Jadi Tention on the one parent who thinks they run your school. You know who they are. Jadi's message was clear: don't let one toxic parent set the tone for everyone else. The moment you accommodate unreasonable demands to keep the peace, you've handed the culture over. Watch here.

THE STAT
85% of consumers are more likely to buy after attending a live event. 78% of event organizers say in-person is their single most impactful marketing channel. Schools running a consistent event and follow-up system have documented up to 40% growth in active enrollment in a matter of months.
Most owners are running ads and skipping the channel with the highest conversion rate in the business.
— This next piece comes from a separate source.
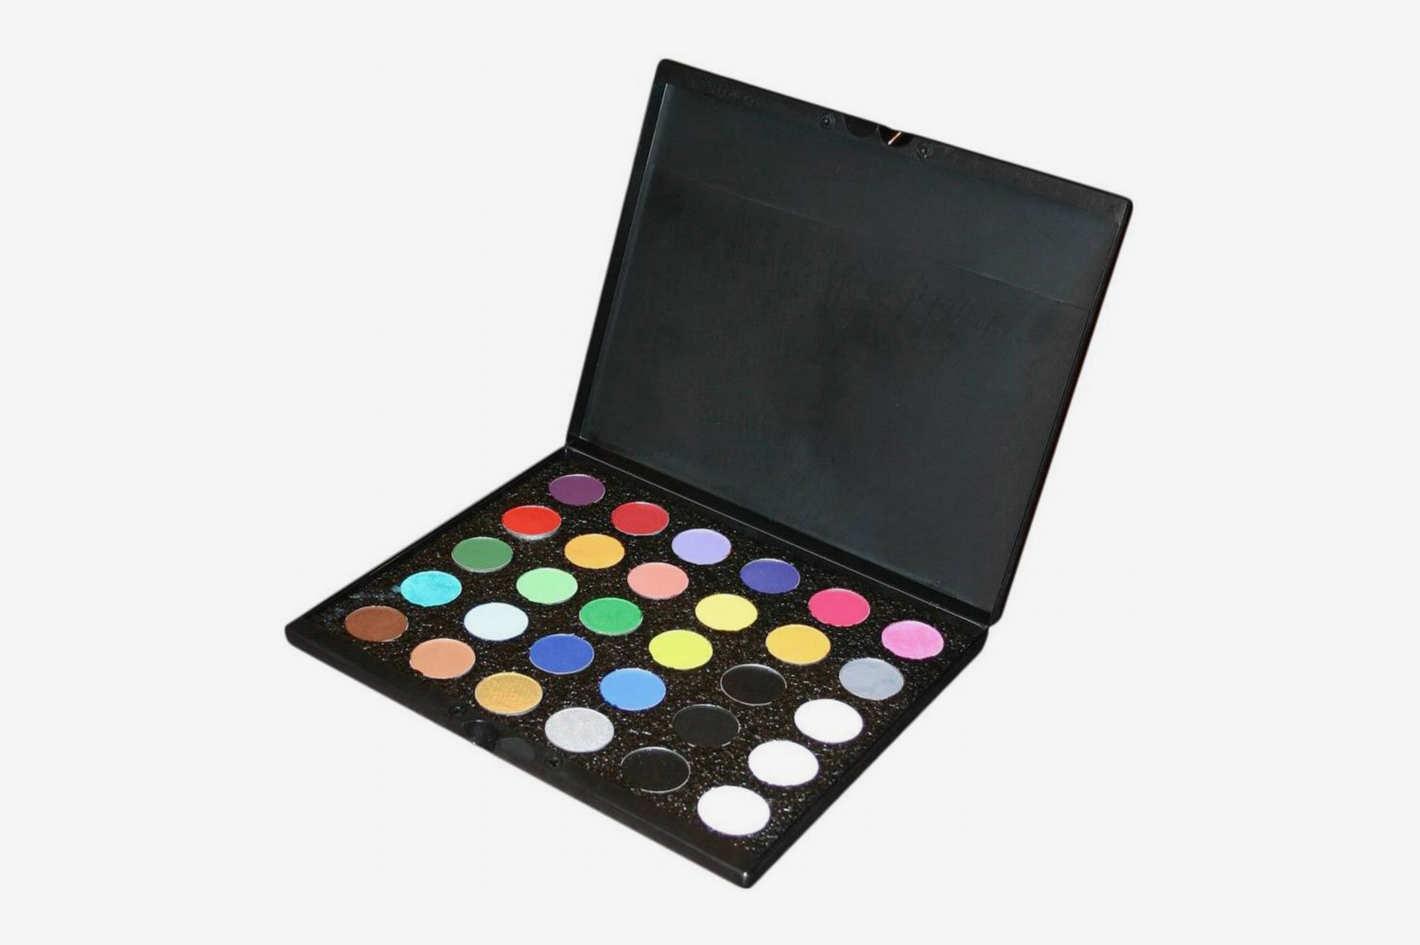 Mehron Paradise AQ Pro Face Paint Palettes

Source: Exposure Analytics

BETWEEN CLASSES
Between Classes exists because the industry reveals itself in ways no article ever could. The memes circulating in group chats, the posts that rack up thousands of likes from school owners who recognize exactly what they're laughing at — that's real data. It tells you what this industry actually believes, fears, and refuses to say out loud. We're not here to roast anyone. We're here because sometimes a drawing of a fat 5th Dan says more about where the industry went wrong than a thousand words ever could.
CLOSING THOUGHT
The owners who are winning their markets right now did not figure out something you don't know. They just stopped waiting for the season to feel right, the budget to make sense, and the evidence to come in before they committed. They showed up somewhere. Then they showed up again. And at some point the market stopped feeling like something they were trying to crack and started feeling like something they belonged to. That's available to you. It just requires going first.